The championship run has already proven to be a boon for watering holes as people gather to take in the games with other fans.

"It's interesting if I'm sitting at home watching it. It's exciting if I'm sitting in a bar with 200 of my best new friends watching a game," said Jeff Guthrie, chief marketing officer at payments firm Moneris.

The company found that spending at bars in the Greater Toronto Area was up 72 per cent for Game 2 last Sunday against the Golden State Warriors, compared with the same day last year. At its peak, spending was up 183 per cent at 10 p.m. Eastern time during the game.

Nationally, spending at bars jumped 28 per cent on the day of Game 2, and was up 89 per cent at the peak.

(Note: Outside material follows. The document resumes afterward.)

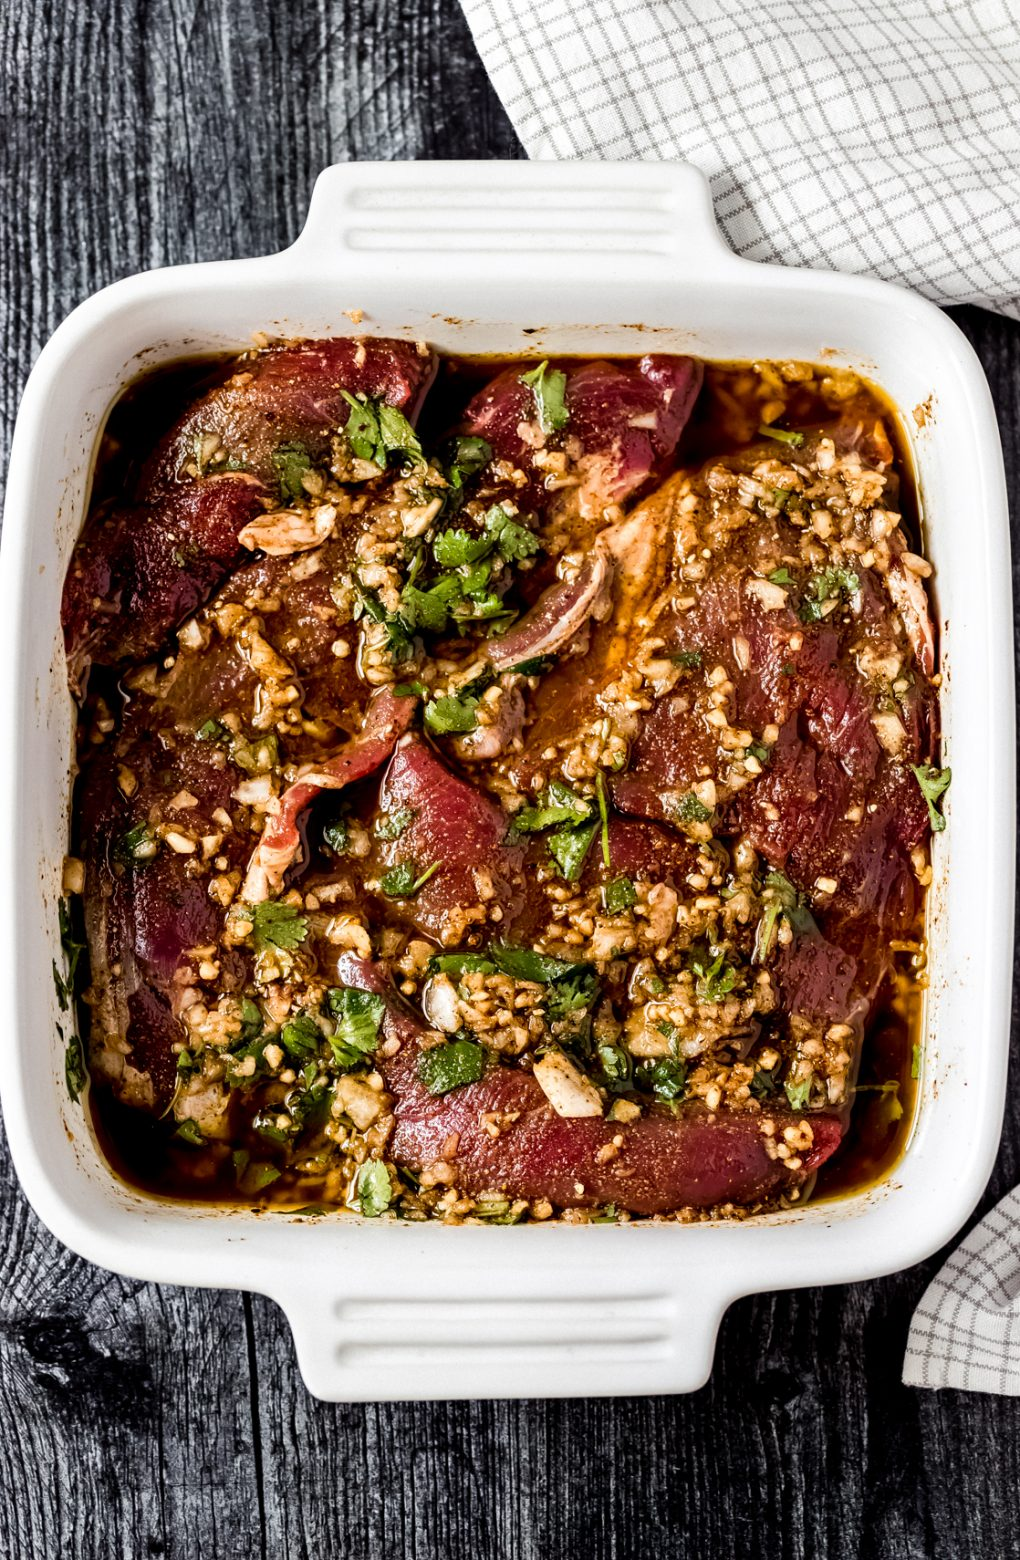 elk flank steak marinading in a white dish

"It really shows that the Raptors are Canada's team," said Guthrie.

And while Moneris focused on bar tabs, the boost around game spending will be felt more broadly, said Hannah Holmes, assistant professor of economics at McMaster University in Hamilton, Ont.

"You're going to see sales at bars go up, you're going to see hotel room bookings increase, people coming in from out of town. You're going to see increased revenue for transportation."

However, the increased spending isn't necessarily boosting the overall economy, since the money is often being diverted from other local spending.

"Money that may have been spent elsewhere like going to the movies or something like that, now's being redirected. So it's not new spending," said Holmes.

"Where you make money is when you have new money coming in, when you get tourists coming in and spending money, that's an injection into local economies."

Tourism Toronto is hoping the team's run will translate into a longer-term economic boost, along with some changed perceptions about the city.

Available data suggests some additional economic activity, with Airbnb saying guest arrivals were up 25 per cent for Game 1 compared with last year, while Tourism Toronto says hotel occupancy rates were up seven per cent.

"Over the long run, this is a tremendous exposure opportunity for Toronto," said Andrew Weir, executive vice president at Tourism Toronto.

"Toronto's well-known to many people. But there's still a lot of people in the U.S. and elsewhere that don't know the city too well, and associate it with the cold of Canada, and perhaps think it's more of a mid-sized city."

The NBA championship run is a way to showcase Toronto at its best to what's become an increasingly global NBA audience in countries like China, Brazil, Mexico and the U.K., said Weir.

"The NBA is a pop-culture phenomenon, and it's part of the global conversation. That puts Toronto squarely in that global conversation."

The exposure would help attract future conferences and travellers, which could have a bigger impact than the Raptors games themselves.

While game one saw the seven per cent boost in occupancy, the big Collision technology conference a week earlier helped boost occupancy by 29 per cent compared with last year.

The city will have a big opportunity to attract more big events when it hosts a major conference of meeting planners that could overlap game six and seven, if the series goes that far, said Weir.

"Right now Toronto's riding a high, so that helps us secure more wins in other areas, because people want to be associated with that, it's a place people are interested in visiting."